Ica membalikan badan menjadi menghadap Taison. "Jika aku adalah katholik bukan islam. Masih maukah kamu masuk agama ku?"

Seketika Taison terdiam. Mereka hening menikmati sepanjang mata memandang biru laut dan siulan burung.

"Hidup di lingkungan yang tak mempunyai tuhan apa kamu pernah memikirkan bagaimana rasa nya?" Alih alih menjawab pertanyaan Ica. Kini Taison malah berbalik bertanya.

"Tak berarah," jawab Ica singkat.

"Benar. Tak berarah. Seperti itulah kehidupannku 21 tahun ini," jeda Taison. "Namun setelah mengenal mu. Ah, tidak. Tetapi setelah aku mengenal islam kurasakan kedamaian. Ca. Mengenal Islam lebih dulu sebelum aku mengenal kamu. Hanya mengenal nya sebagai karakter dari tetangga di sebelah rumah ku. Ucapannya yang sopan, pakaiannya, dan remang remang suara bacaan kitab nya."

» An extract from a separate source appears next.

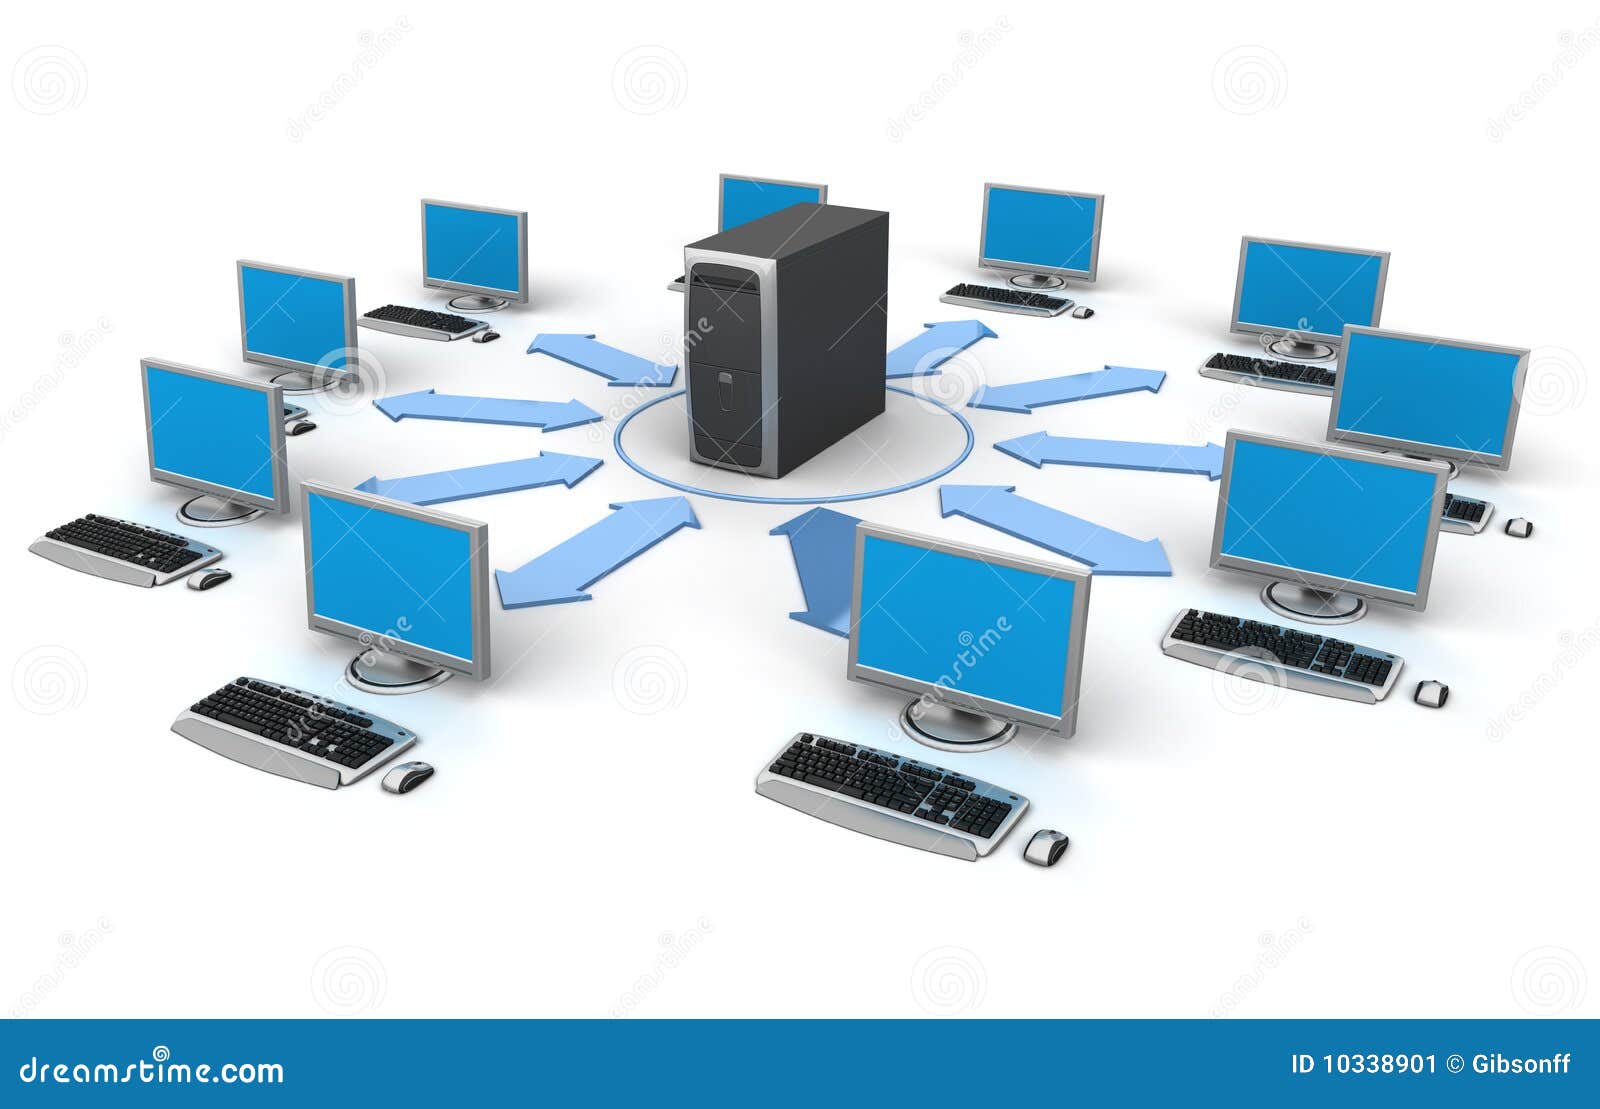 Het Netwerk Van Computer Stock Illustratie - Illustration of laptop: 10338901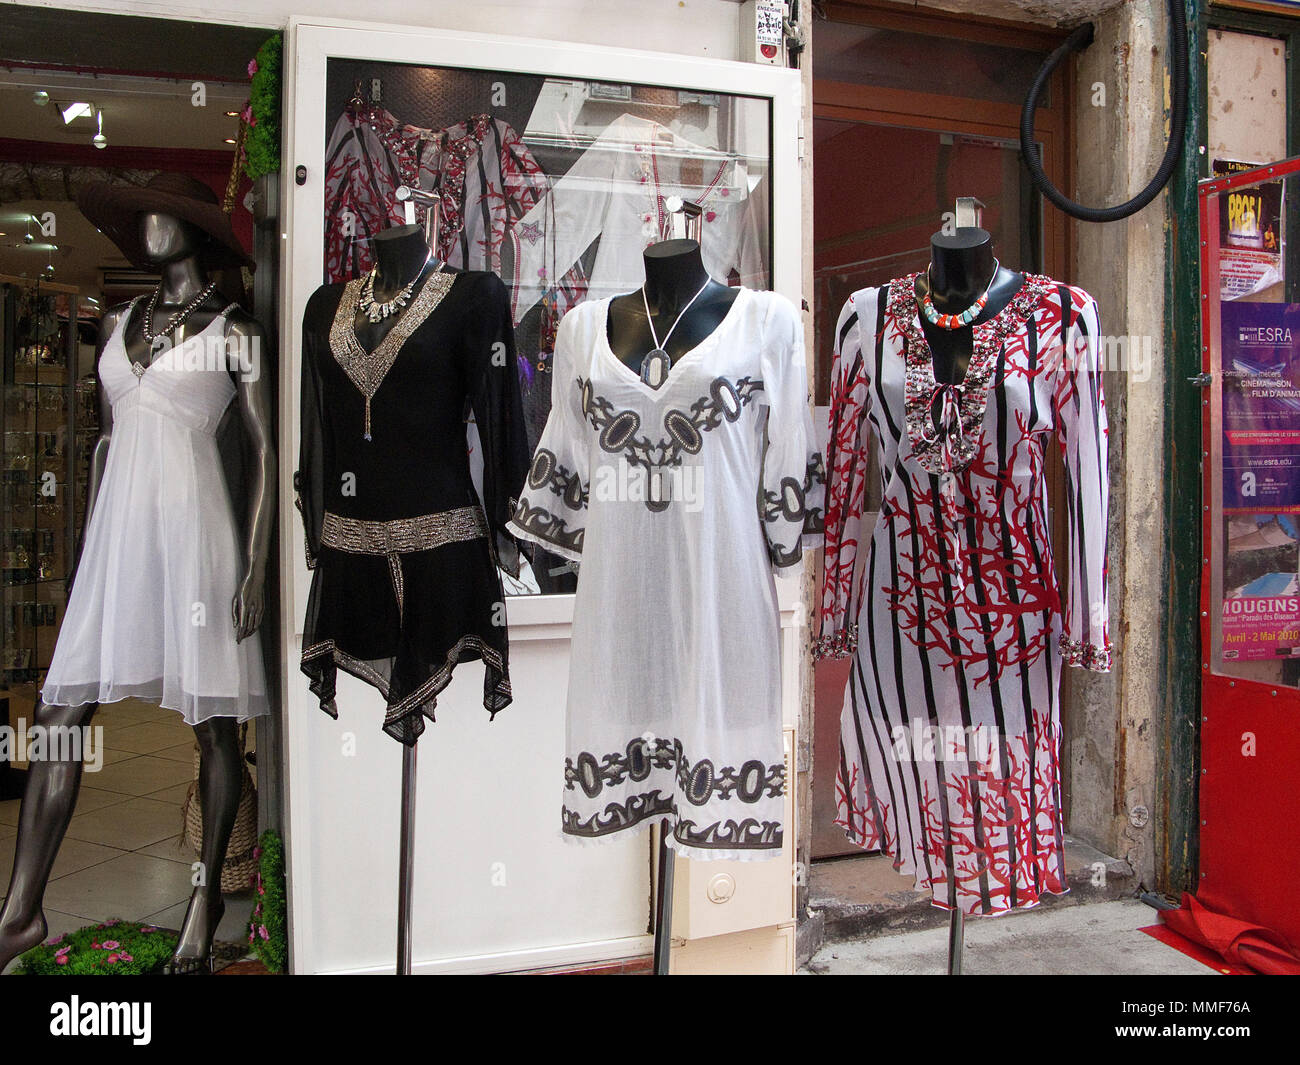 Modegeschaeft, Boutique in einer Einkaufstrasse nahe dem Place Massena, Nizza, Suedfrankreich, Alpes-Maritimes, Cote d'Azur, Frankreich, Europa, Mitte Foto Stock

Ica melirik Taison sebentar. Lelaki itu tersenyum ke arah Ica namun segera Ica memalingkan muka. "Ajari aku islam. Biarkan aku mempunyai identitas."

Diam. Mereka sama-sama menyelami pikiran masing-masing.

"Ini sudah sore sekali. 15 menit lagi maghrib aku mau shalat." Ica berpamian pada Taison. Mendahului langkahnya seperti tadi.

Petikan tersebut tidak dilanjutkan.